CFTC regulations require, among other things, (i) that futures and related
options be used solely for bona fide hedging purposes (or meet certain other
conditions specified in CFTC regulations) and (ii) that a Portfolio not enter
into futures and related options for which the aggregate initial margin and
premiums exceed five percent of the fair market value of a Portfolio's assets.
In order to prevent leverage in connection with the purchase of futures
contracts by a Portfolio, an amount of cash, cash equivalents or liquid high
grade debt securities equal to the market value of the obligation under the
futures contracts (less any related margin deposits) will be maintained in a
segregated account with the Custodian.
Additional Risks to Options and Futures Transactions. Each of the Exchanges
has established limitations governing the maximum number of call or put options
on the same underlying security or futures contract (whether or not covered)
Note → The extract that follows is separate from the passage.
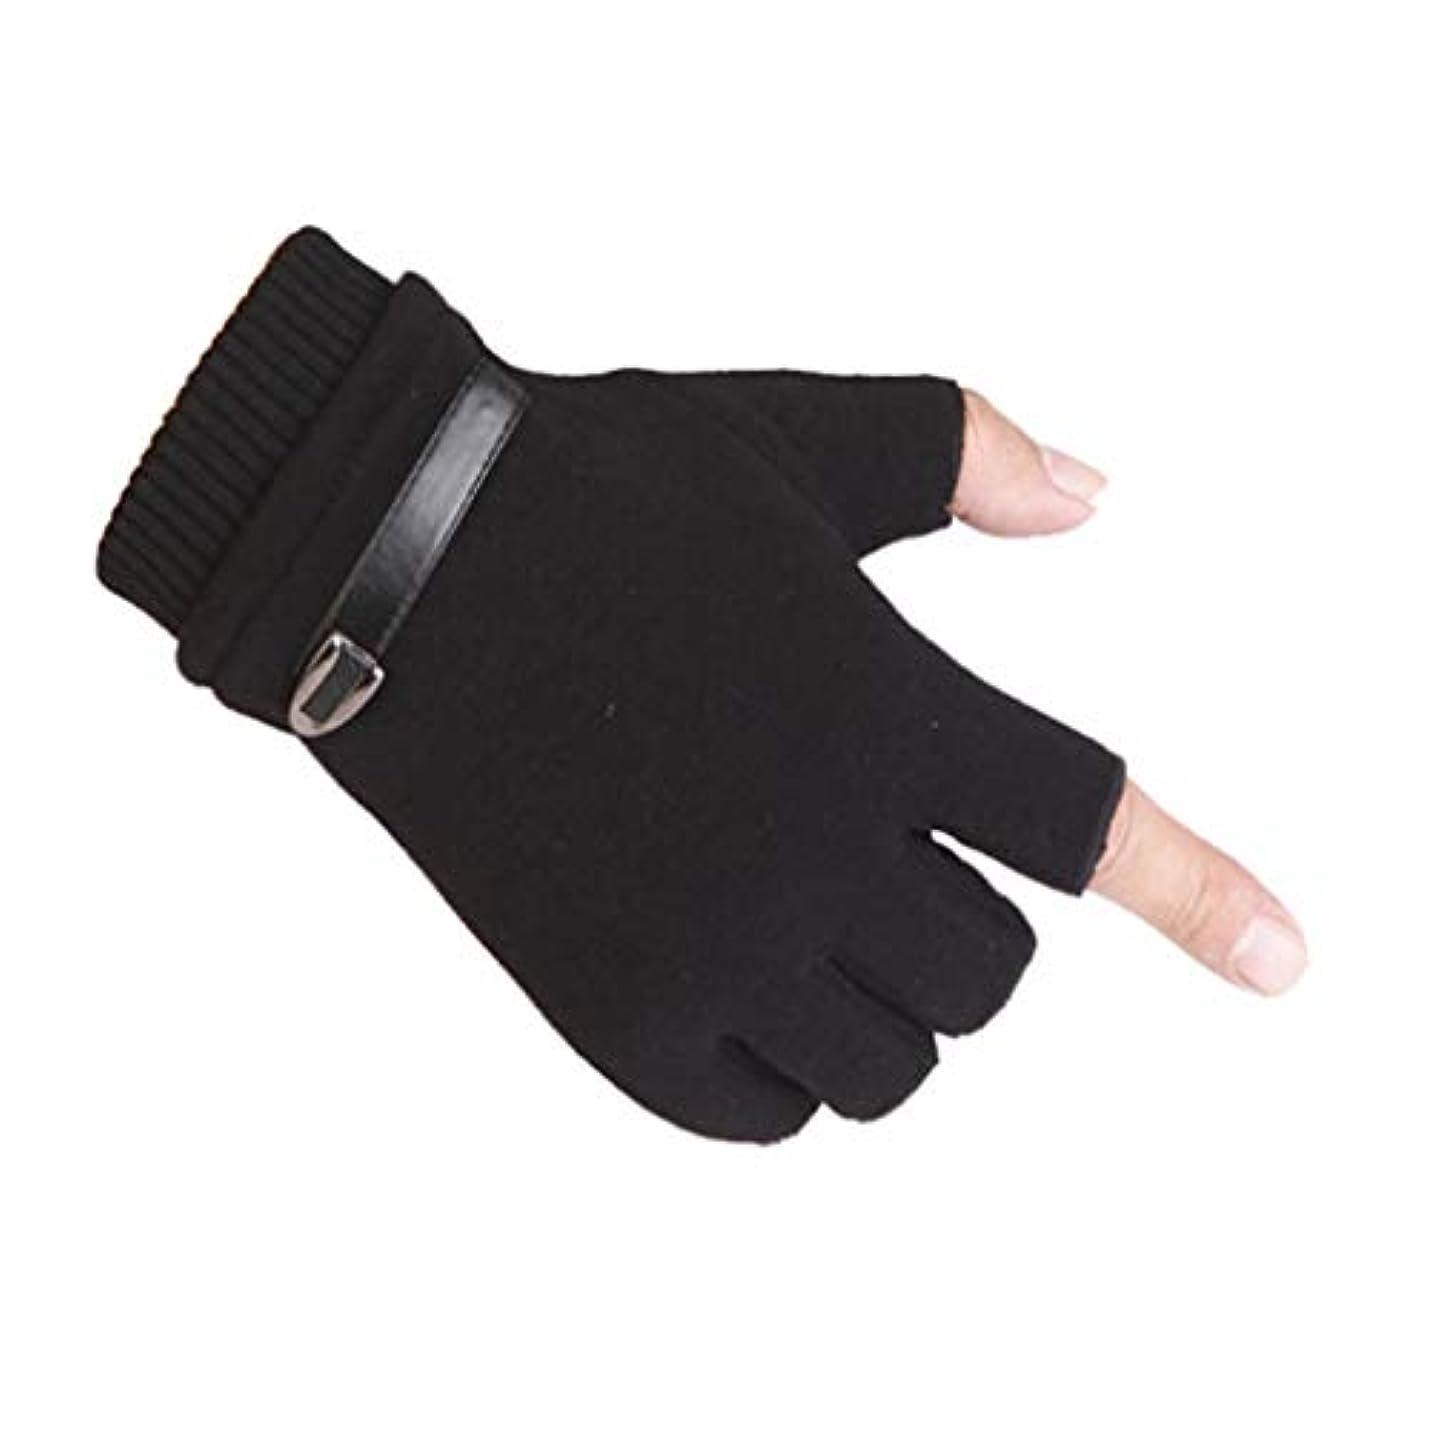 ジェスチャー引く怠けた秋と冬プラスベルベット肥厚ハーフフィンガー手袋男性と女性ベルベット生徒は指を離してカップルの手袋黒の男性モデルに乗ってコンピュータタイピングを書くことではない
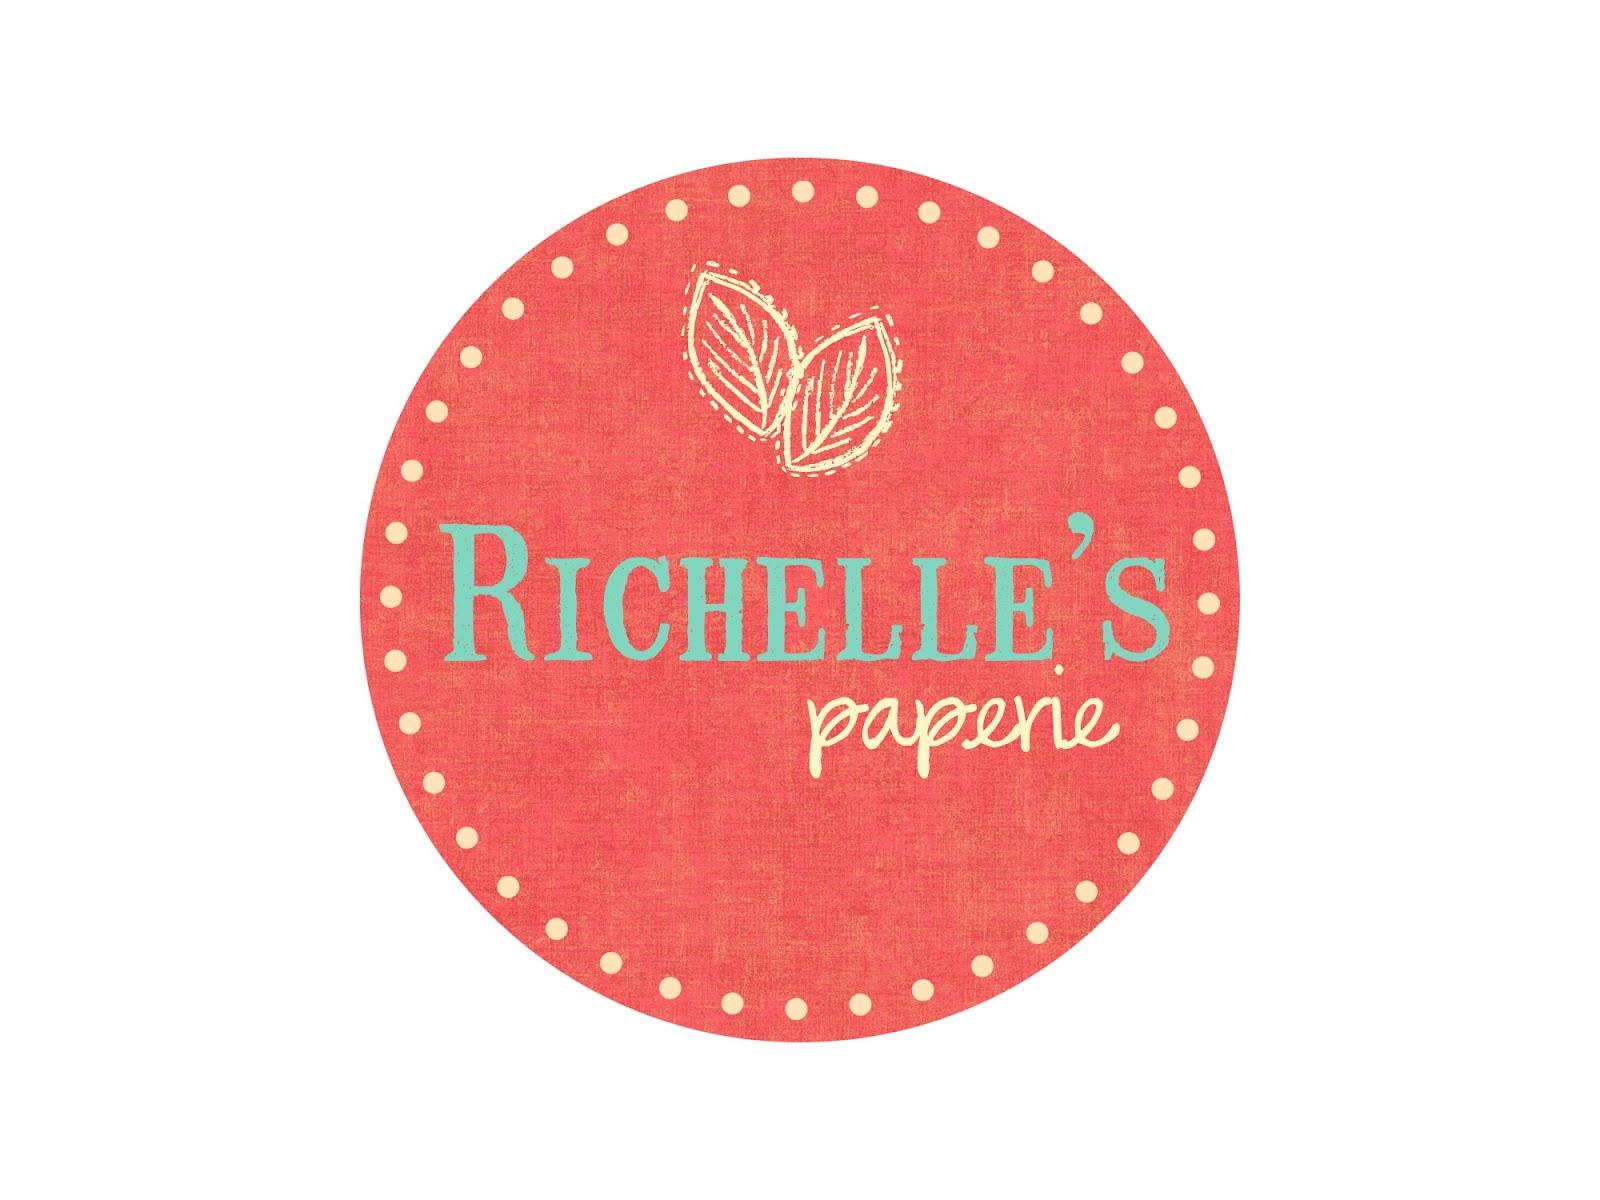 Richelle's Paperie

which may be written by a single investor, whether acting alone or in concert
with others (regardless of whether such options are written on the same or
different Exchanges or are held or written on one or more accounts or through
one or more brokers). Option positions of all investment companies advised by
the Adviser are combined for purposes of these limits. An exchange may order the
liquidation of positions found to be in violation of these limits and it may
impose other sanctions or restrictions. These position limits may restrict the
number of listed options which the Portfolio may write.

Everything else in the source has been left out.